En cuanto a estar alejada de Barcelona me hizo mucho bien porque lejos te conviertes en una extranjera “privilegiada” y se rebaja la intensidad de algunas emociones, que en el lugar donde vives apenas puedes transitar por estar demasiado cerca. Pienso en situaciones laborales adversas a causa del factor humano, que casi siembre está ausente; o simplemente en la necesidad de respirar en otro lugar. Para concluir te diré que la idea de desdoblarme también formaba parte de mi deseo. ¿Cómo se sentiría aquella otra que era yo misma en otro lugar? Sentir el extrañamiento necesario para saber que la imaginación es poderosa y puede hacernos transitar, simultáneamente, por varios tiempos y espacios. Al fin y al cabo ese es el tema fundamental de mi última poesía.
Tiempos y espacios diferentes, pero comunicados entre sí por lazos que, aunque invisibles, resultan muy reales y no menos poderosos. Situaciones que nos bloquean en nuestros lugares habituales, que nos apresan y condenan, como la circunstancia que describe Kavafis en su famoso poema «La ciudad», de pronto, hallan su íntegra resolución en otras geografías, en tierras remotas que la imaginación o el sueño han preparado cuidadosamente como escenario de una transformación radical y que revela eso precisamente: nuestra raíz más profunda, que no solo pertenece a este o aquel lugar sino que se desparrama por toda la tierra como la vida entera. ¿Es así?
Fíjate, y no es una idea mía, la filosofía occidental empieza a preguntarse por las cosas... si son agua, fuego o aire… Es más admirable el hecho del asombro que lleva el preguntar mismo.

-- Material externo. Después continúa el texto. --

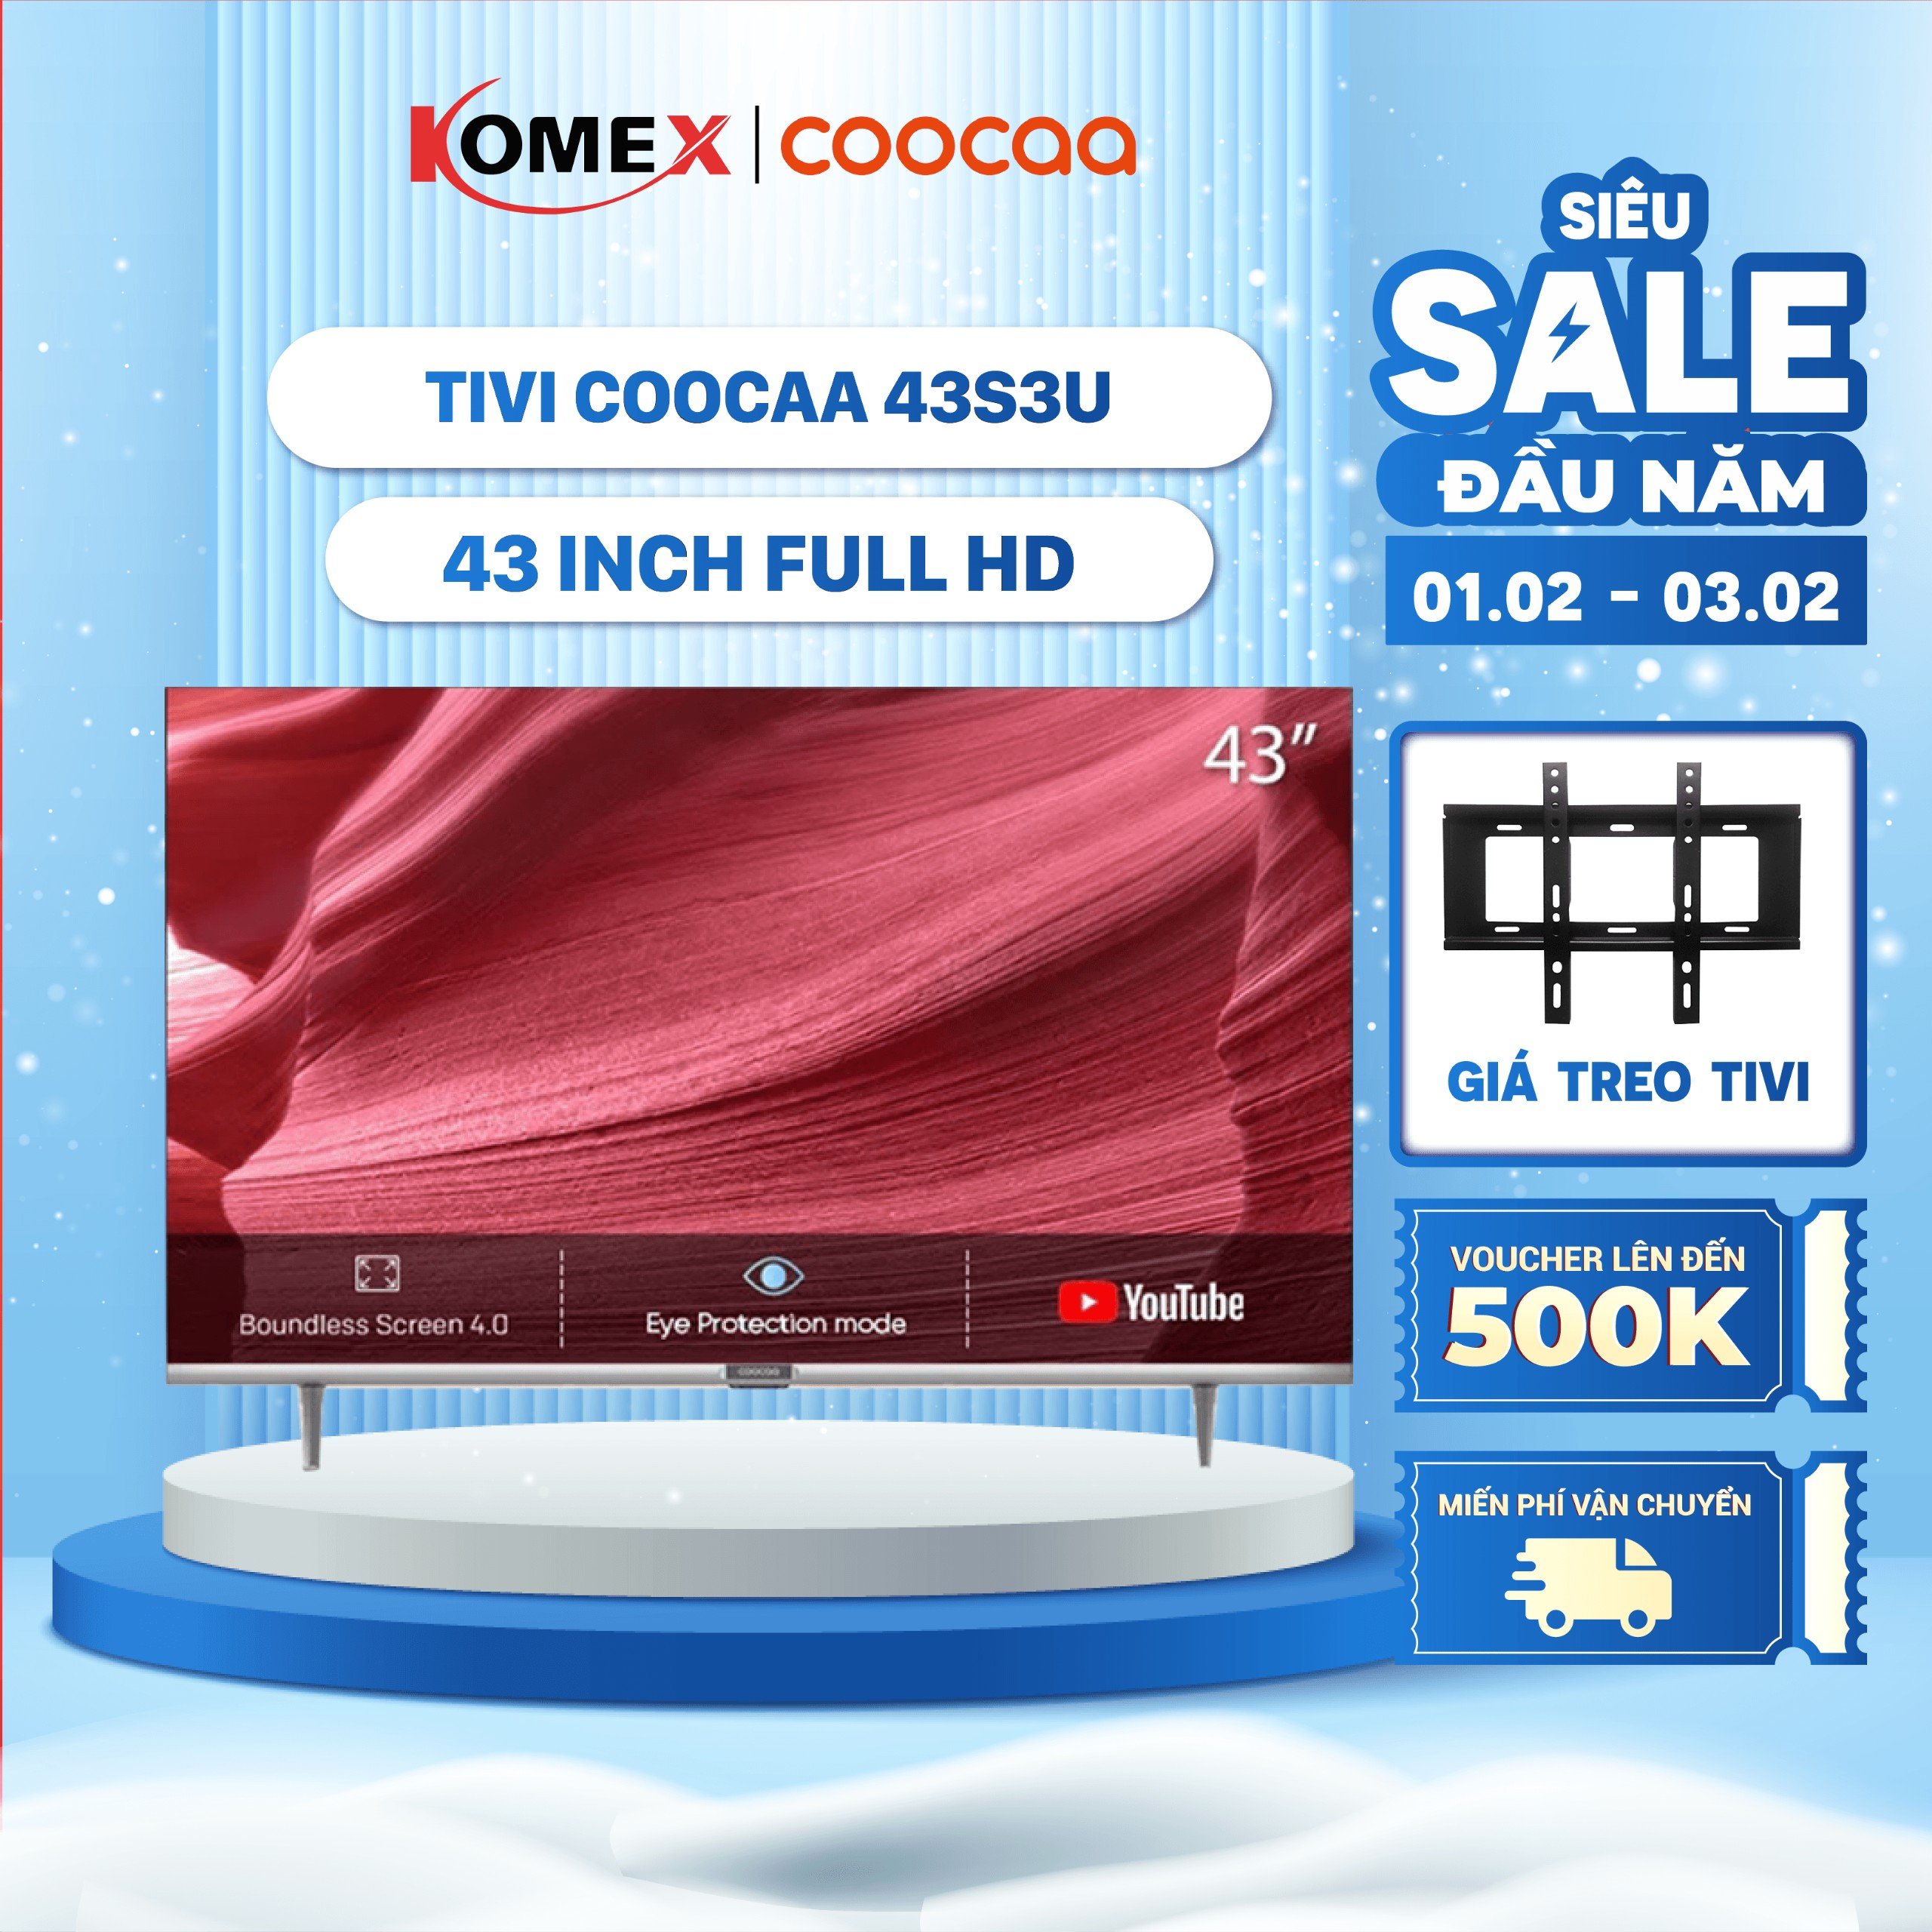 Tivi Coocaa 43 Inch Model 43S3U Smart tivi Full HD kết nối wifi Mỏng nhẹ Siêu chất lượng Đồng kiểm Đổi trả 30 ngày Bảo hành 24 tháng - Komex

La filosofía oriental nace del asombro, cada día es un acontecimiento, cada instante se perpetúa en otros, como estratos bajo las montañas, y así, con la capacidad de sorpresa, vamos descubriendo el mundo porque nacemos con un mundo dentro e ignoramos las posibilidades de las que no carecemos. Son temas de mi poesía, sobre todo en Acontecimiento y Las proximidades.
Voy a terminar esta entrevista con unas palabras de Agustín Andreu, quien expresó lo que pensamos tantos, con un acierto encomiable:
«El muro de Berlín no fue la Muralla China, no podía serlo porque salía de una sociedad con Ilustración fragmentaria, pasada, despreciada, pero operante. Las religiones dominan los ánimos y anulan los brotes de Ilustración. Esos muros se fortifican cada vez más con los materiales mismos de agravio y guerra, de odio teológico y desprecio religioso, y se endurecen de generación en generación. Quienes no tienen más remedio que vivir en esos ambientes amurallados haciendo trabajar su inteligencia han de tener paciencia milenaria».
Los humanos tenemos una capacidad extraordinaria con el lenguaje para salir de las situaciones de bloqueo —paciencia milenaria—. Pienso en el psicoanálisis, tan denostado últimamente, y en la poesía, la gran desaparecida en los medios. Por fortuna su recorrido se expande adoptando formas rizomáticas. La poesía está en todas partes, solo hay que saberla encontrar, y eso es precisamente lo que quieren que no veamos.